Hobbs' furniture is made using choice domestic and imported hardwoods joined with hand-cut dovetails, mortise-and-tenon joints, and other traditional methods. All surfaces are finished with hand tools, whether hand planes, scrapers, or rasps.

Hobbs has taught scores of students at all levels in his school that opened in 1996. Ben teaches his students the tried and tested methods which he has learned and developed over his career. The project-based courses focus on traditional joinery and hand tool use.

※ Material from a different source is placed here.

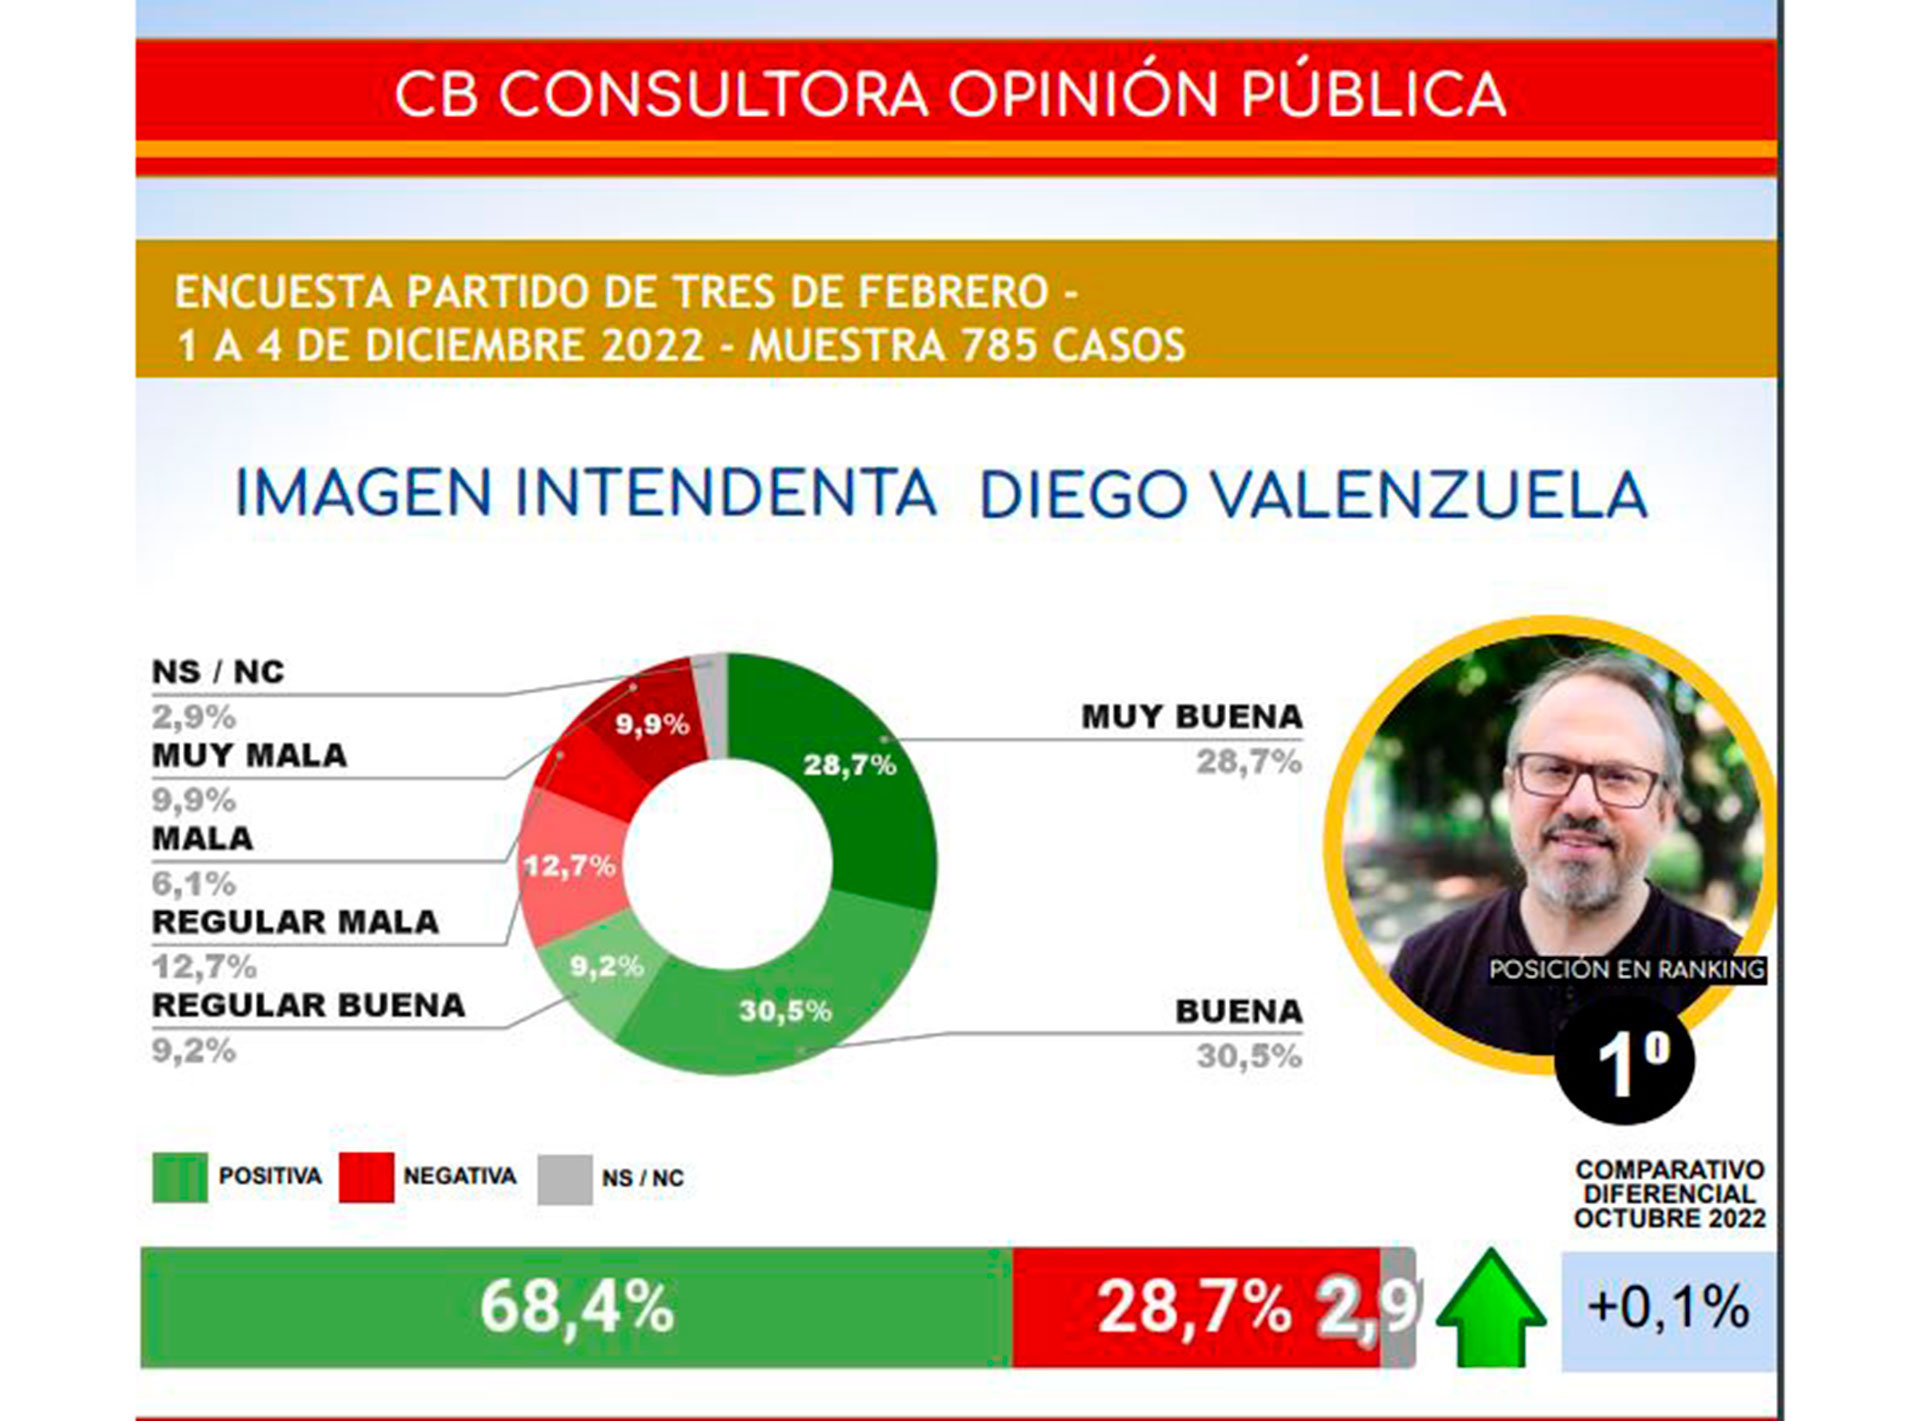 Diego Valenzuela lidera el ranking de imagen positiva entre los intendentes de los 24 principales municipios bonaerenses. (CB Consultora)

Ben Hobbs has been building period reproduction furniture for nearly 30 years. After teaching high school math for 10 years, Ben's passion for early American furniture and architecture drew him into the shop in 1982. Since then, Ben has operated as a bespoke custom furniture maker reproducing fine early American pieces, focusing on Southern and local NC examples. After training all three of his sons to be accomplished furniture makers, Ben opened his shop doors in 1996 to train students in his woodworking school.

Ben's work and/or school has been featured in Fine Woodworking, Southern Living, Woodshop News, Woodworkers' Journal, The Virginian Pilot, Coast Watch Magazine, Kansas City Woodworkers' Guild, and OurState Magazine.

In 2011 the Society of American Period Furniture Makers awarded Ben Hobbs with the Cartouche Award in recognition of his high standards of craftsmanship and his efforts in teaching others the trade and sharing the craft with the public.